City Council approves budget with no property tax hike
November 23, 2012
By Caleb Heeringa
New: Nov. 23, 3:29 p.m.
The Sammamish City Council unanimously approved its 2013-2014 budget with only a few quibbles from councilmembers concerned about future parks and economic development spending.
The $107.8 million, two-year budget passed at the Nov. 20 meeting by a 6-0 vote, with Councilman John Curley absent. The budget forgoes a property tax increase for the fourth straight year, but adds approximately $380,000 in new personnel costs through four and a half new positions, including:
- A new police officer, who would be used for traffic enforcement and patrols around the city during the mornings or evenings.
- A city planner to help with an upcoming review of the city’ comprehensive plan. This would be a two-year position.
- Two new storm water employees to help the city abide by new federal storm water requirements. These include an inspector to do more regular checks on storm drains and catch basins and a maintenance lead to repair problems in the system more quickly.
- A half-time administrative position to help with human resources and administrative tasks in the police department. The position partially restores a similar full-time position that was cut when the city reduced staff in 2011.
The budget overall calls for about $7 million more in spending than it takes in in revenue, bringing the city’s ending fund balance from it’s current level of $52.9 million to $45.8 million at the end of 2014. The city plans to spend $25 million of that ending fund balance on the proposed community and aquatic center.
Finance Director Joe Guinasso pointed out in an interview that $8.3 million of that spending is contingency funds for major construction projects, and it’s unlikely the city will spend that all of that money.
Though sales tax revenue will be rising only modestly with the addition of new construction in the city, that same construction will likely add to the city’s coffers in other ways. The city saw much more revenue from home construction and real estate sales than it was expecting in 2012.
Real estate excise taxes, charged on the sale of a home, are projected to come in at $2.9 million compared to the $2.2 million that was budgeted for this year. Impact fees, charged to developers when a home is built, were also well above the projected level – approximately $2.6 million compared to the $925,000 that was expected this year.

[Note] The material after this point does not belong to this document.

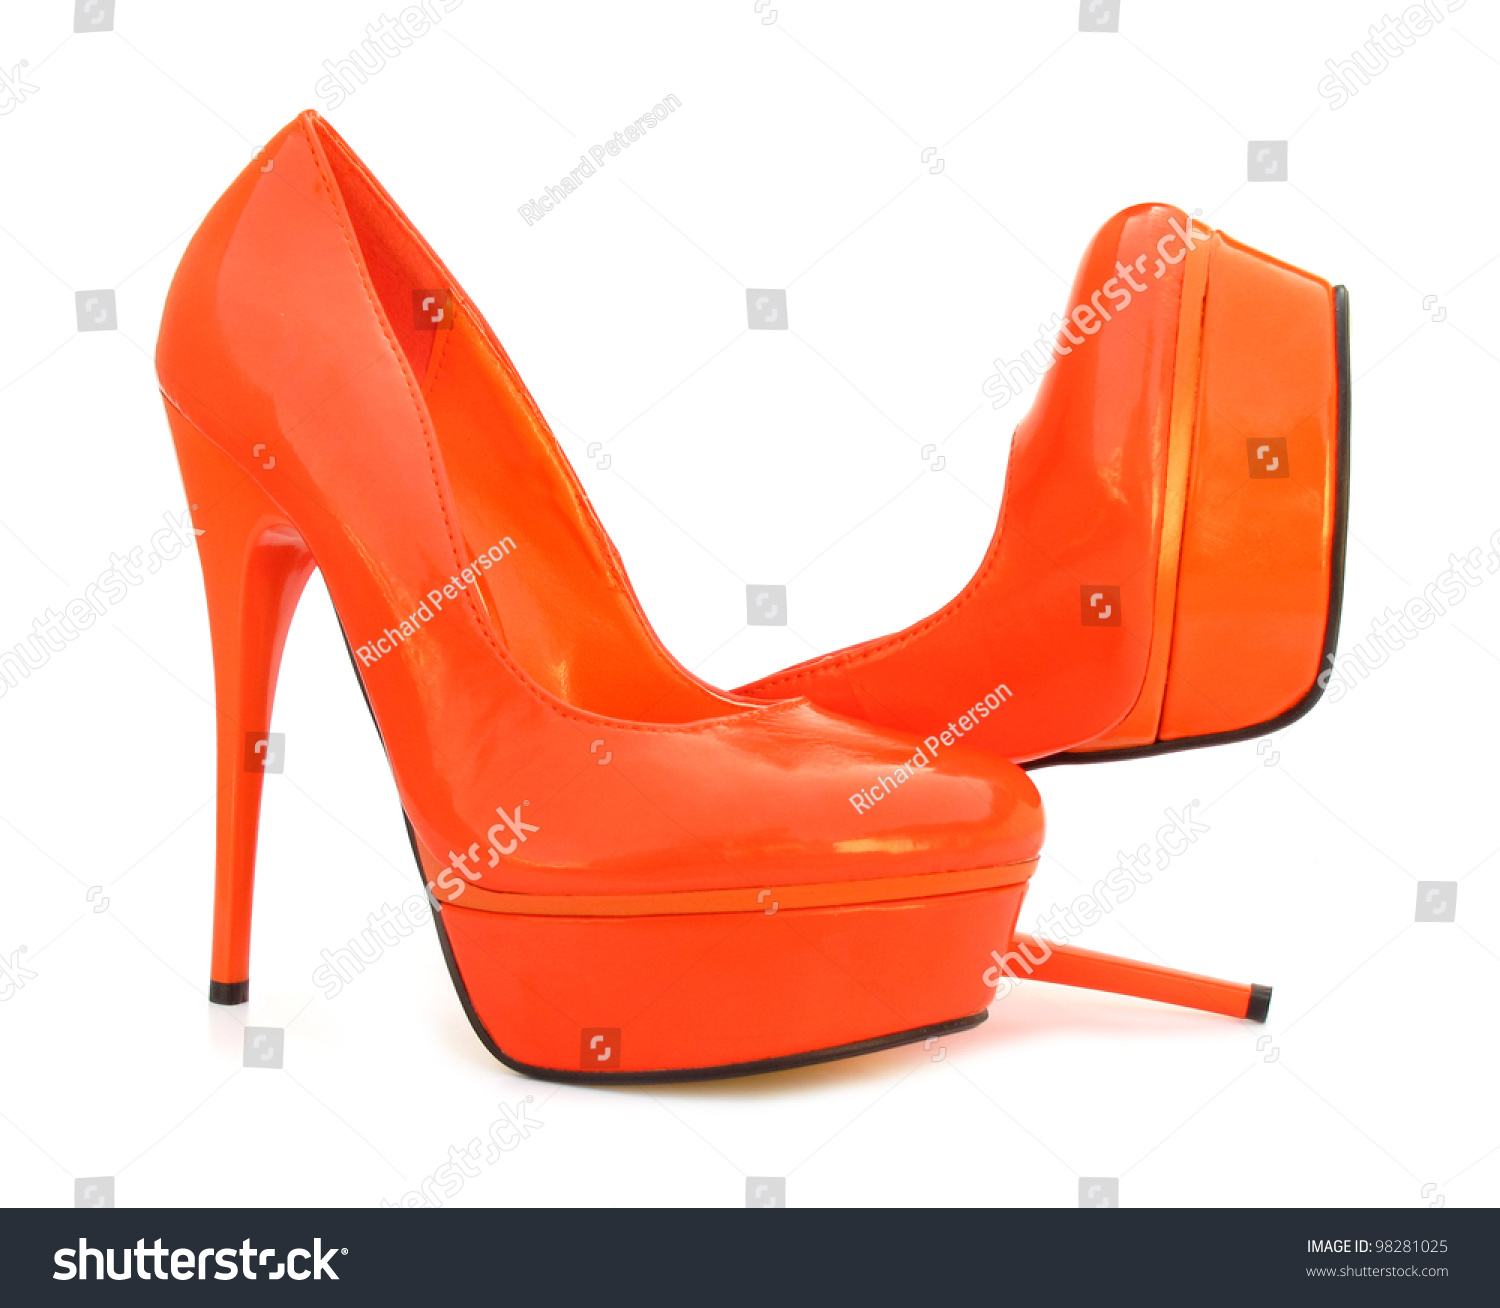 Orange High Heels Pump Shoes Stock Photo 98281025 : Shutterstock

But despite the recent good news, Guinasso said the city is being cautious about expecting those levels of revenue going forward, particularly given the looming federal issues that could impact the economy.
“There’s a lot of uncertainty as far as the ‘fiscal cliff’ and lifting of the Bush-era tax cuts,” Guinasso said. “There’s the potential that down the road that the credit markets could tighten up again and we see a double dip recession.”
So despite signs that the real estate market is picking up again, the city is budgeting for $2.2 million in real estate excise taxes in 2013 and 2014 – the same as this year. The budget also expects approximately $1.8 million in impact fees in 2013 and $1.6 million in 2014 – higher than what was budgeted this year but lower than what the city actually saw.
Councilman Ramiro Valderrama said he was concerned about the level of spending discussed in the city’s parks master plans and the potential impact on the cost of maintaining the city’s parks. He noted that the Parks and Recreation Department is the third largest expense in the city’s general fund after police and fire services, taking up 12.8 percent of the budget.
“I love parks. I’m a heavy user of our parks,” Valderrama said. “But it has to be sustainable.”
City Manager Ben Yazici said the council would have ample opportunity to tweak park plans when they see the Southeast Eighth Street master plan early next year.
Valderrama also questioned the justification for hiring a new police officer in a city that has the second-lowest crime rate of any city in King County.
“I still don’t under stand why we’re hiring them and I am on the (City Council’s) public safety committee,” he said.
Administrative Services Director Mike Sauerwein said the extra officer will allow the department to get closer to its goal of having a minimum of three officers on patrol at all times. The department currently has a two-officer minimum.
Councilwoman Nancy Whitten said she had concerns about the $4.5 million the city is earmarking for economic development and Town Center infrastructure, saying she wanted the council to deliberate more on exactly how the money would be spent.
“I’m concerned about the process and how it got to us here at the last minute as a budget item,” she said.
The city will be embarking on an economic development plan in 2013 that is aimed at examining the viability of its Town Center plan and what else the city can do to encourage business growth.
Deputy Mayor John James said he approved of the budget but said the city’s plans to spend more than half of its savings on a community and aquatic center will mean that city may not have as much financial flexibility in the coming years.
“I’m probably more inclined to be a little tougher on the financial management of the city going forward without that safety net (of city reserves,)” James said. “The next budget cycle the council is going to have harder work to do.”